B) Sometimes they chain the goat to the corner of a shed that is 5 meters by 4 meters. The 3-meter chain is attached to the base of the wall at ground level. What is the area of grass that the goat can reach? Show and explain your work.
C) What if the hook was attached at ground level to the center of the 4-meter wall? Would the amount of grass it could reach be greater? Justify your answer.
Deeper thinking
Such "new" math is called Connected Mathematics on the middle-school level and Everyday Math on the elementary level. The Seneca School District implemented Everyday Math three years ago at the elementary level. The district started implementing Connected Mathematics last year in grades six through eight and is fully implementing it this year in the sixth grade.
"Teaching traditional math has not been effective," said Georgianna McGriff, director of curriculum for Seneca schools.
Scores for the middle school on the math portion of the Missouri Assessment Program tests in 2003 and 2004 fell short of the federal No Child Left Behind program's requirement that school districts show a certain percentage of students testing out at the top two levels, Proficient or Advanced. So Seneca got placed in the federal School Improvement Program, which required that the district implement a research-based math program.
"What we were seeing is that students didn't understand the connection between all the various strands of mathematics," McGriff said. "These reform-math programs try to teach connections among all the math strands."
She said the focus of Connected Mathematics is on learning the underlying concepts of math through problem-solving and not just repetitive math exercises. Seneca is receiving $69,000 in federal money over the course of two years to implement the program.

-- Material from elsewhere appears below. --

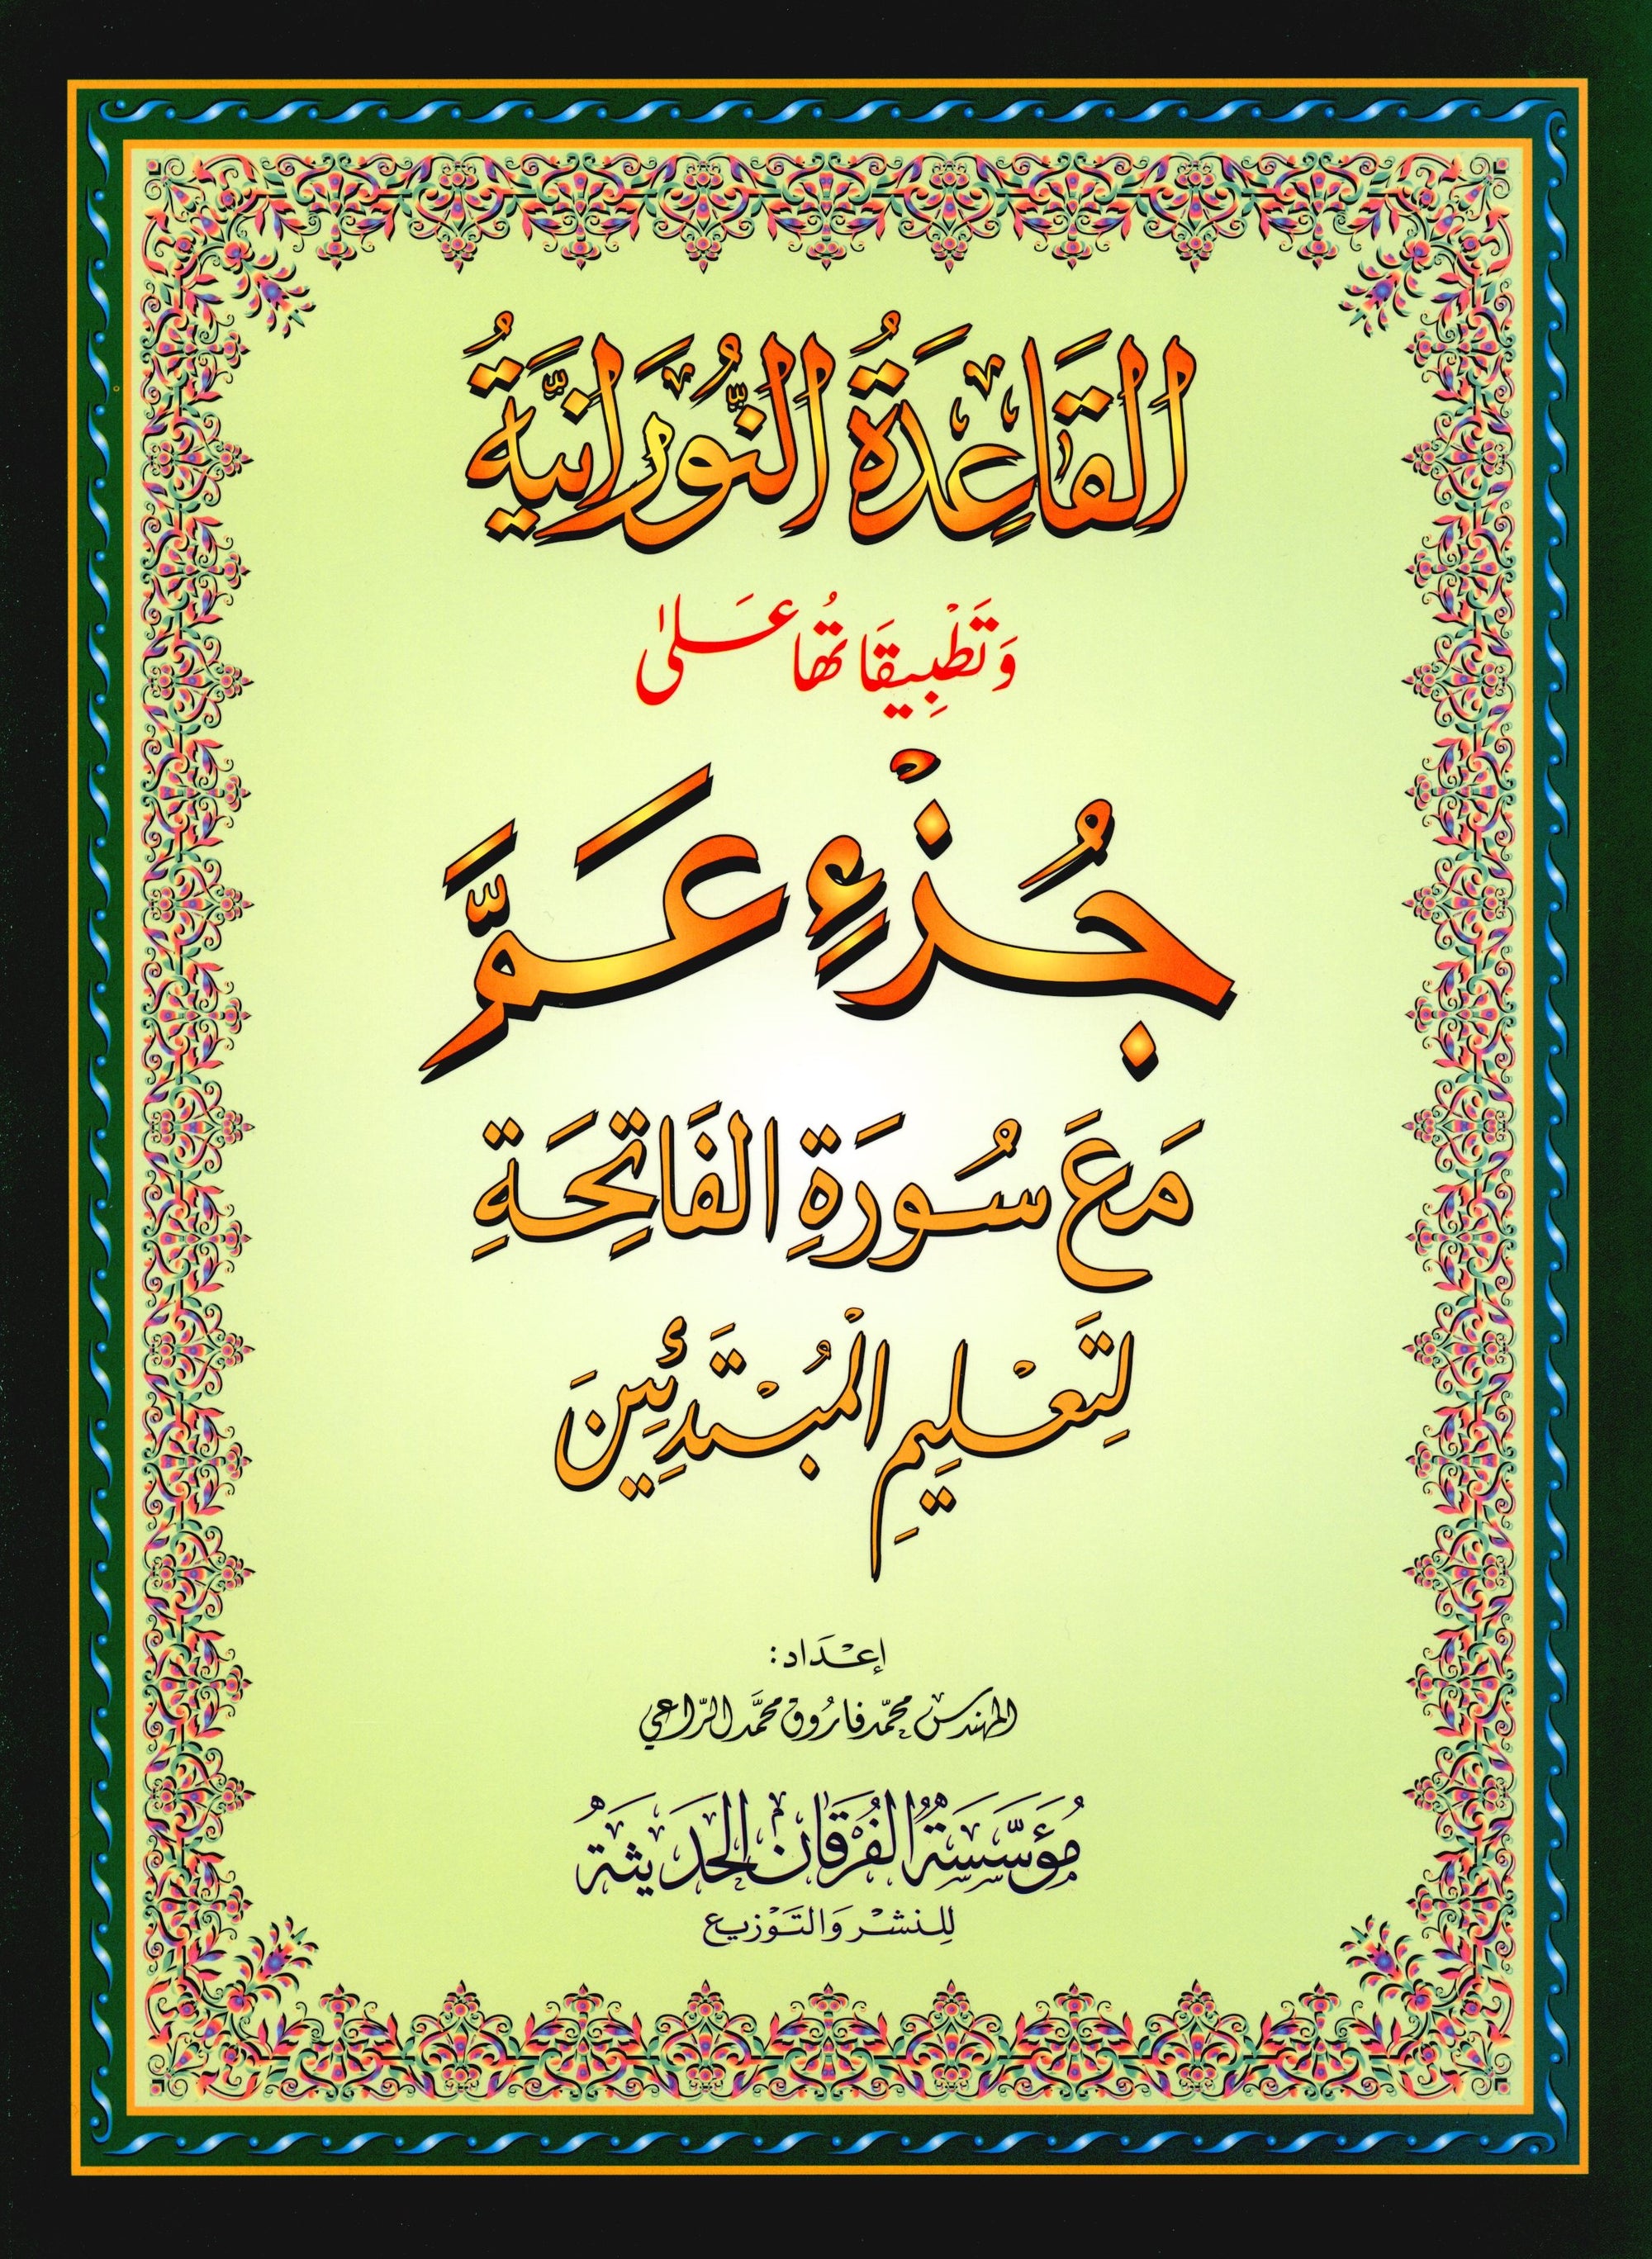 Al-Qaidah An-Noraniah - Juz’ Amma & Suratul-Fatihah for Beginners Large Size 7 x 9 جزء عم مع سورة الفاتحة للمبتدئين

The National Science Foundation funded the Connected Mathematics Project between 1991 and 1997 at Michigan State University.
It was an effort to develop a complete mathematics curriculum for the middle-school grades that would begin to address deficiencies in the teaching of mathematics in the United States that were showing up in international studies. The Connected Mathematics Project curriculum underwent a five-year scrutiny beginning in 2000 that included reviews, revision, field-testing and evaluation.
Research-backed
Connected Mathematics has been used in all 50 states and some foreign countries. Seneca is not the only school district in Southwest Missouri to implement it. Webb City schools have had it for a few years, and Springfield schools recently took it up.

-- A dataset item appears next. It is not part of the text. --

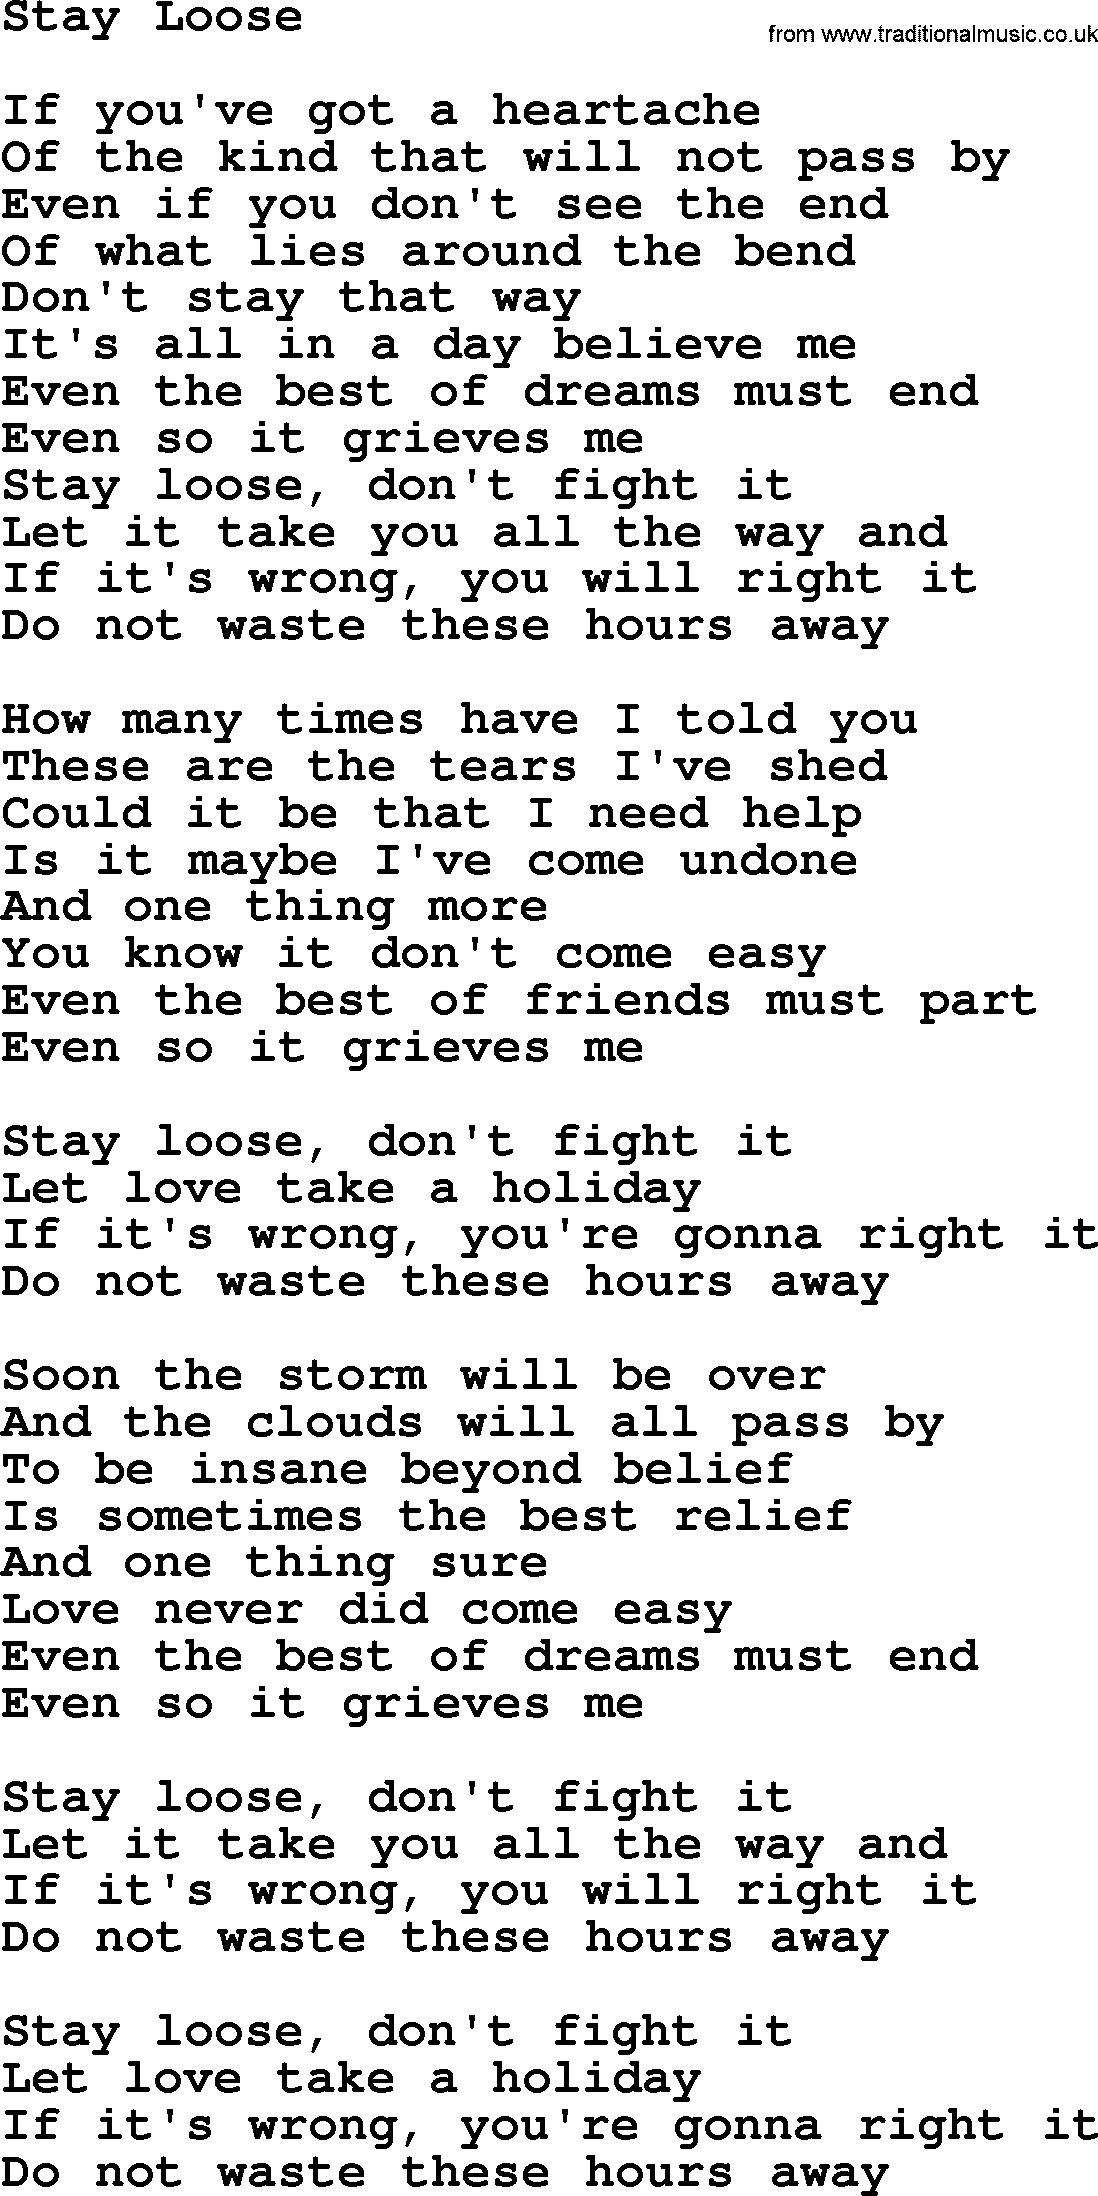 Gordon Lightfoot song Stay Loose, lyrics

The Southwest Center for Educational Excellence in Webb City is administering a $3.5 million project for the National Science Foundation that includes the teaching of Everyday Math and Connected Mathematics in 10 school districts in Southwest Missouri, including McDonald County and Westview Elementary School in Newton County. The project is known as the Ozark Rural Systemic Initiative.

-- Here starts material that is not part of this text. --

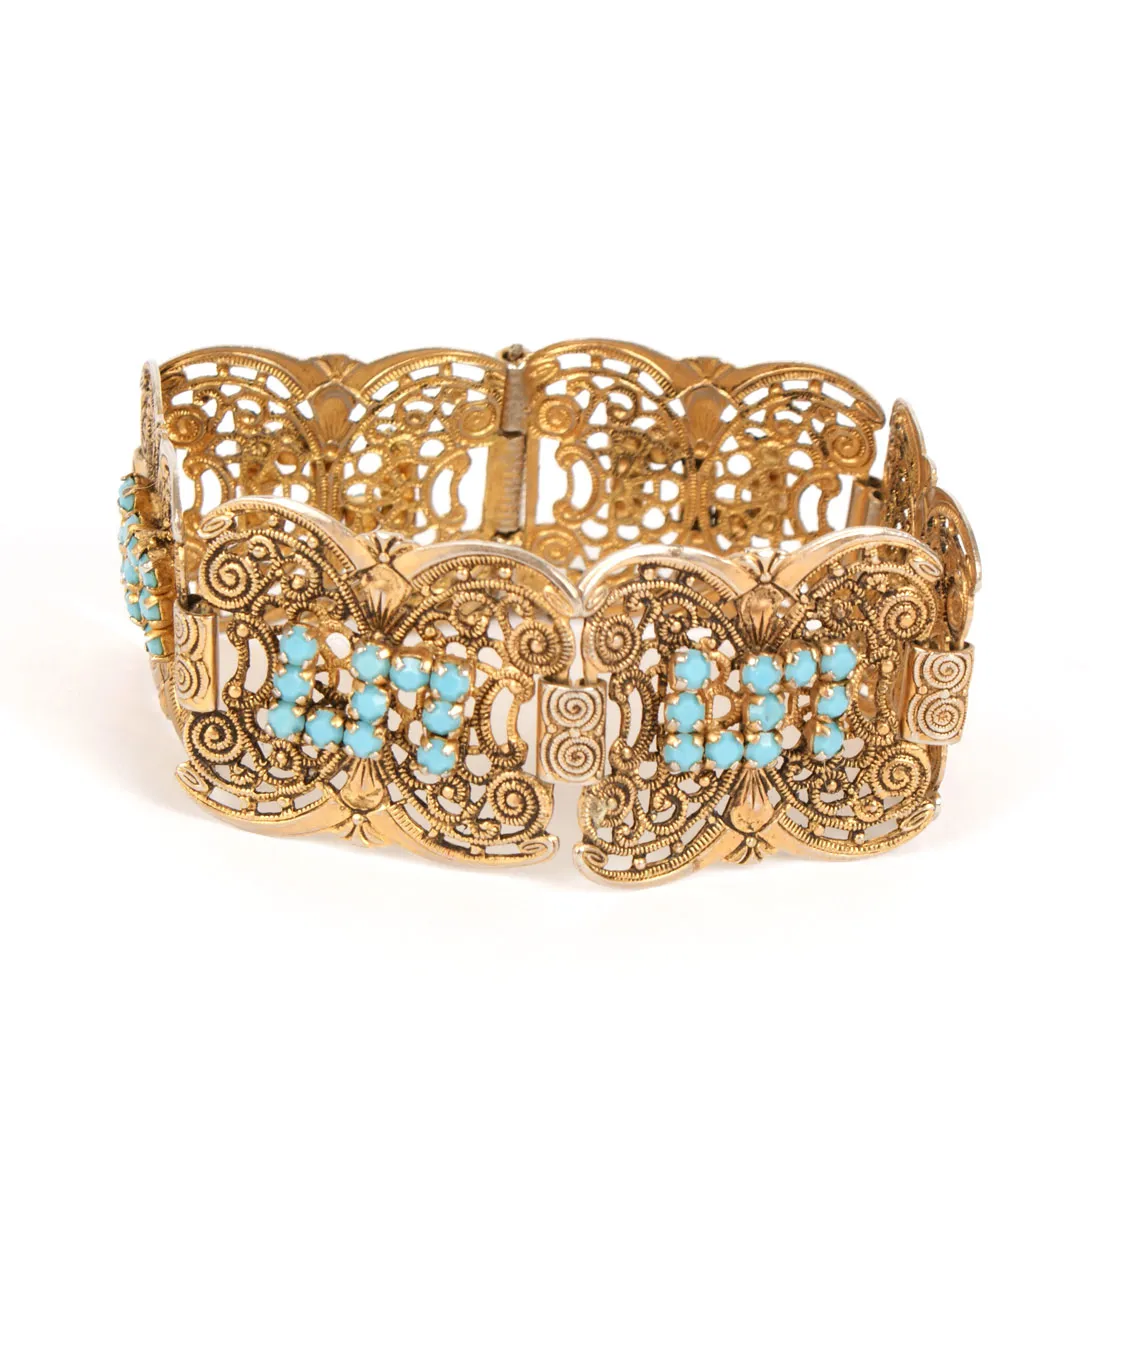 Gold and turquoise filigree bracelet

Janna Gordanier, the project director, defends the reform-math programs as highly researched.
"The reason the NSF funded these projects across the nation is because research showed how poorly our students were doing in comparison with students in the rest of the world," Gordanier said.
She said the project is "not a country thing" so much as an attempt to implement the best practices and what research shows works best.
The project, which started in 2002, hasn't produced any pupils yet who have completed grades three through eight under the reform-math curricula. But early results are promising, Gordanier said. Of 21 Southwest Missouri districts using the curricula for three years, 15 improved their numbers of students scoring at the Proficient and Advanced levels on the mathematics portion of MAP tests, four districts stayed the same, and just two districts had declining numbers.
John Lannin, a professor of mathematics education at the University of Missouri-Columbia, said the teaching of math traditionally has involved a heavy emphasis on repetition. Students learn the rules of math through repetitive exercises.
"Many students don't know why, or invent reasons why, these rules work," Lannin said.
He said Japanese mathematics textbooks are much thinner than American textbooks because the emphasis is not on repetition but on spending more time on fewer problems. Similarly, Connected Mathematics seeks to build a deeper understanding of how math works through applied learning.
Criticism
Reform math has done little more than puzzle some parents in the Seneca School District.
"It's not a complete math program for our children," said Robin McAlester, who has a son in Seneca's sixth grade. "It lacks the skills and drills that you and I learned in school."
She said her research of the subject on the Internet has turned up a number of school districts nationwide in which less than desirable results were obtained using reform-math programs, often dubbed "fuzzy math" by its critics.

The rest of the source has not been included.